It’s hard to imagine La Jolla without its restaurants, from the lines stretching down the block at The Taco Stand to the iconic views at George’s at the Cove.
But the way La Jollans eat and where has changed dramatically since the area’s founding in the 1800s.
In this first part of the new month-long series “Dining Out,” the La Jolla Light looks at local restaurants from the 1880s (when La Jolla was first developed and settled) to the early 1920s.
“La Jolla had very few people at that time,” according to local historian Carol Olten. “There weren’t a lot of restaurants, as far as we know.”
Olten said she gets information about La Jolla’s earliest days from the diaries of local pioneer Anson Mills.
“He kept track of where he went and what he did … but he did a lot of home cooking,” she said. “So when they went to a restaurant for dinner, it was a big occasion. It was something people mainly did on holidays or … a social occasion.”
One restaurant Mills would go to — believed to be one of the first in La Jolla — was Montezuma Cottage. Olten said it is believed to have opened in 1895 near the intersection of Prospect and Jenner streets.
Mills described the restaurant as a popular eating and gathering spot for locals and tourists, Olten said. He wrote an entry about a Thanksgiving dinner there with about 60 people.
Montezuma Cottage later became known as the Seaside Inn and Ocean View restaurant. It was torn down in 1931.
Culturally, eating at a restaurant was a more formal occasion at the time, Olten said.

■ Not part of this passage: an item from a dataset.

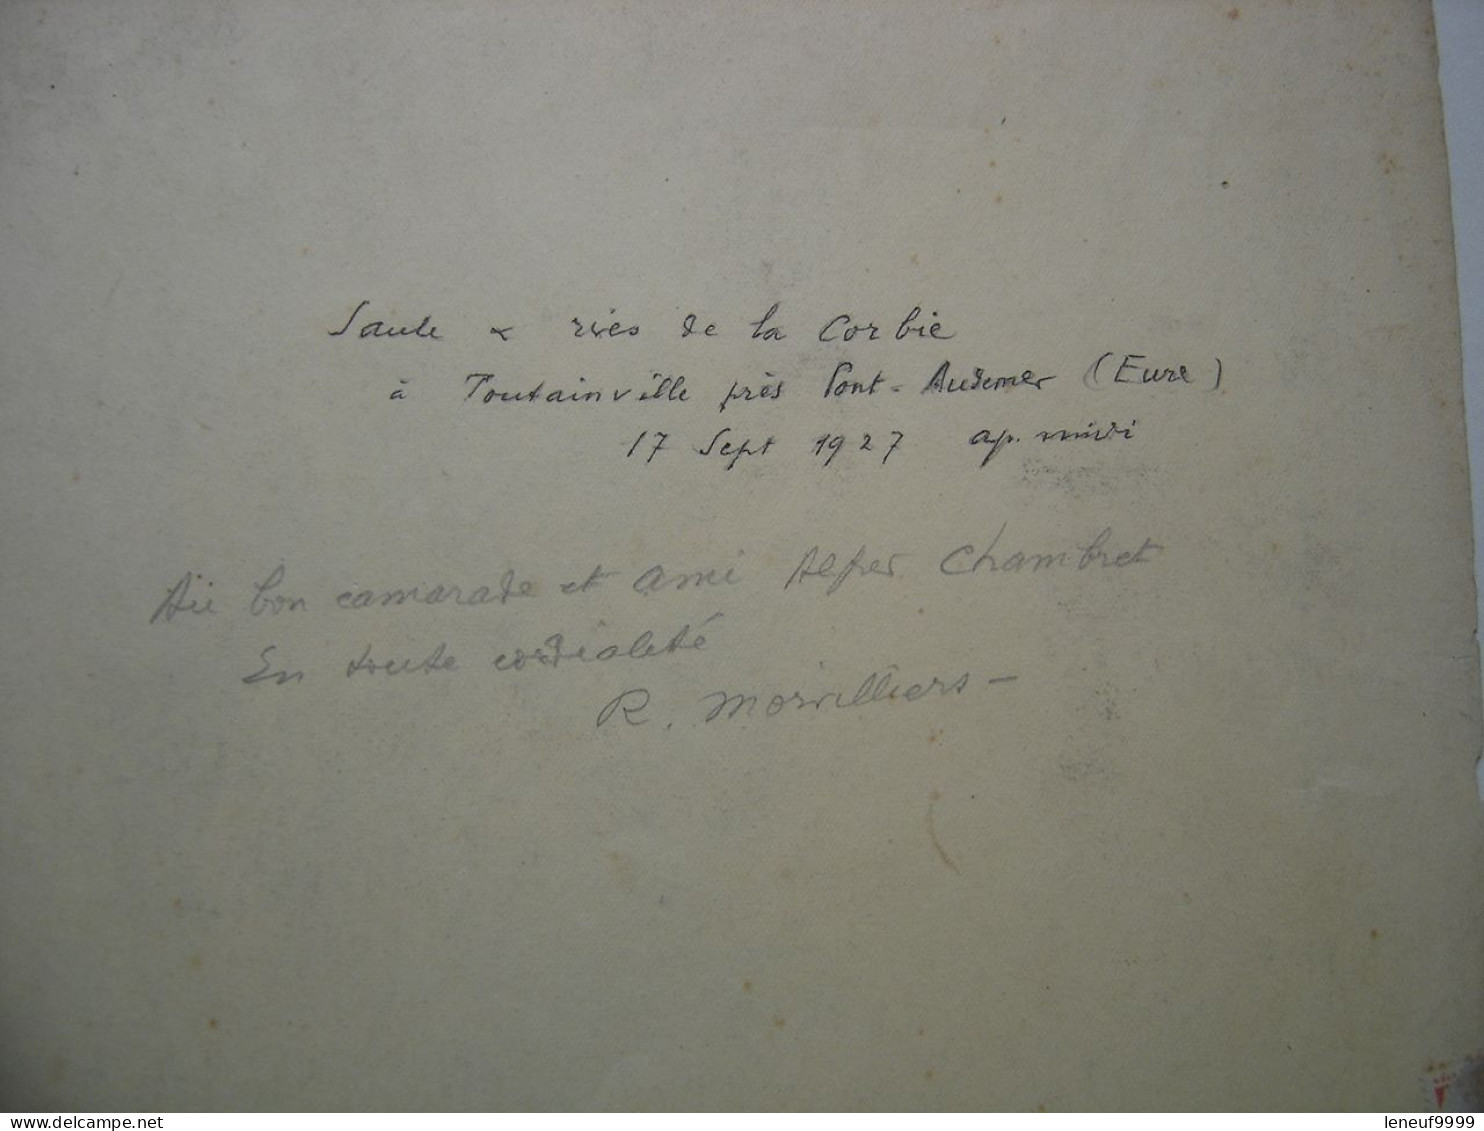 Estampe Signee Et Dedicacee R MORVILLIERS 1927 Situee Dans L'Eure Corbie Toutainville - Zeitgenössische Kunst

“You didn’t go to a restaurant just to hang out with friends like you would today. It was purposeful then,” she said.
Around 1900, a restaurant known as the White Rabbit opened near the corner of Girard Avenue and Prospect Street. In addition to a rooftop garden, it featured a tea room, joining a national trend.
“Tea rooms went with the suffragette movement because in those days, [women] didn’t have a place to gather without an escort, so tea rooms started opening in hotels and women could go there and sit down and have a social tea or lunch,” Olten said. “La Jolla got in on the tail end of that thanks to [Green Dragon Colony founder] Anna Held and [La Jolla philanthropist] Ellen Browning Scripps.”
One of them, called The Cricket, opened in the early 1900s with white tablecloths. Olten said it was near what it is now Eddie V’s restaurant.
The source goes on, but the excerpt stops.